**The problem**
Below is a listing. Quote from it, exactly, the lines from the one containing "CH4336_Charter Hall_Southgate__Web Tiles_Celebrate_844x517" down to the one containing "thermal-hotel-visegrad-szalloda-park-oldali-ketagyas-szoba3", both ends included, and nothing else.

**Source material**
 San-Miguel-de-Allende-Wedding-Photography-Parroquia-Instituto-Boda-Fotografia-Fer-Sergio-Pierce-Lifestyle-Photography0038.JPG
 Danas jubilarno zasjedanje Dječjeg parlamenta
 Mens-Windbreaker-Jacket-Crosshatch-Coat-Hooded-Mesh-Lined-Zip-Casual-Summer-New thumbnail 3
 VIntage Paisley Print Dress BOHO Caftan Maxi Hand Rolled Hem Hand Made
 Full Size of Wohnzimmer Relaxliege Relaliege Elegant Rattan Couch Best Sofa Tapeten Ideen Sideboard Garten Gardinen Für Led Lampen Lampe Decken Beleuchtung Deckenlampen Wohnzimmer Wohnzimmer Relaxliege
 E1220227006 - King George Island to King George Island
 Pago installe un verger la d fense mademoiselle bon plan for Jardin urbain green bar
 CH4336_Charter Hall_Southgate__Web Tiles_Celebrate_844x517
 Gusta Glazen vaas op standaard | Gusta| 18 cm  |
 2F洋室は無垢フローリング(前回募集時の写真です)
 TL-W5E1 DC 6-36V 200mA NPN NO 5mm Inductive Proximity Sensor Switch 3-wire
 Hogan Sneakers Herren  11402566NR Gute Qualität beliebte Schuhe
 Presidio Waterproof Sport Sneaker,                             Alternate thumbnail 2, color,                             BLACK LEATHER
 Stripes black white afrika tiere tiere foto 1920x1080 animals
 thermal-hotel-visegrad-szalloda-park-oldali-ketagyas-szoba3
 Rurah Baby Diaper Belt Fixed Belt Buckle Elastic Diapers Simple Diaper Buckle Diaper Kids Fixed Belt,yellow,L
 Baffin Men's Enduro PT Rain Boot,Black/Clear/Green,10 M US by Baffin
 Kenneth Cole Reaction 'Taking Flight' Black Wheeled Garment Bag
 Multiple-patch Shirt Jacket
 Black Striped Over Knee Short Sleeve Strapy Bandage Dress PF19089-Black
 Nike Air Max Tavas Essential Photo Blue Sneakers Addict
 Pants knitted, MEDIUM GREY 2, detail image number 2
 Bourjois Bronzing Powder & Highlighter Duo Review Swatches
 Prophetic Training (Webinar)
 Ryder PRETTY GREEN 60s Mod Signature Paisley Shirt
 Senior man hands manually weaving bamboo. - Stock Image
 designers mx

**The completed task**
 CH4336_Charter Hall_Southgate__Web Tiles_Celebrate_844x517
 Gusta Glazen vaas op standaard | Gusta| 18 cm  |
 2F洋室は無垢フローリング(前回募集時の写真です)
 TL-W5E1 DC 6-36V 200mA NPN NO 5mm Inductive Proximity Sensor Switch 3-wire
 Hogan Sneakers Herren  11402566NR Gute Qualität beliebte Schuhe
 Presidio Waterproof Sport Sneaker,                             Alternate thumbnail 2, color,                             BLACK LEATHER
 Stripes black white afrika tiere tiere foto 1920x1080 animals
 thermal-hotel-visegrad-szalloda-park-oldali-ketagyas-szoba3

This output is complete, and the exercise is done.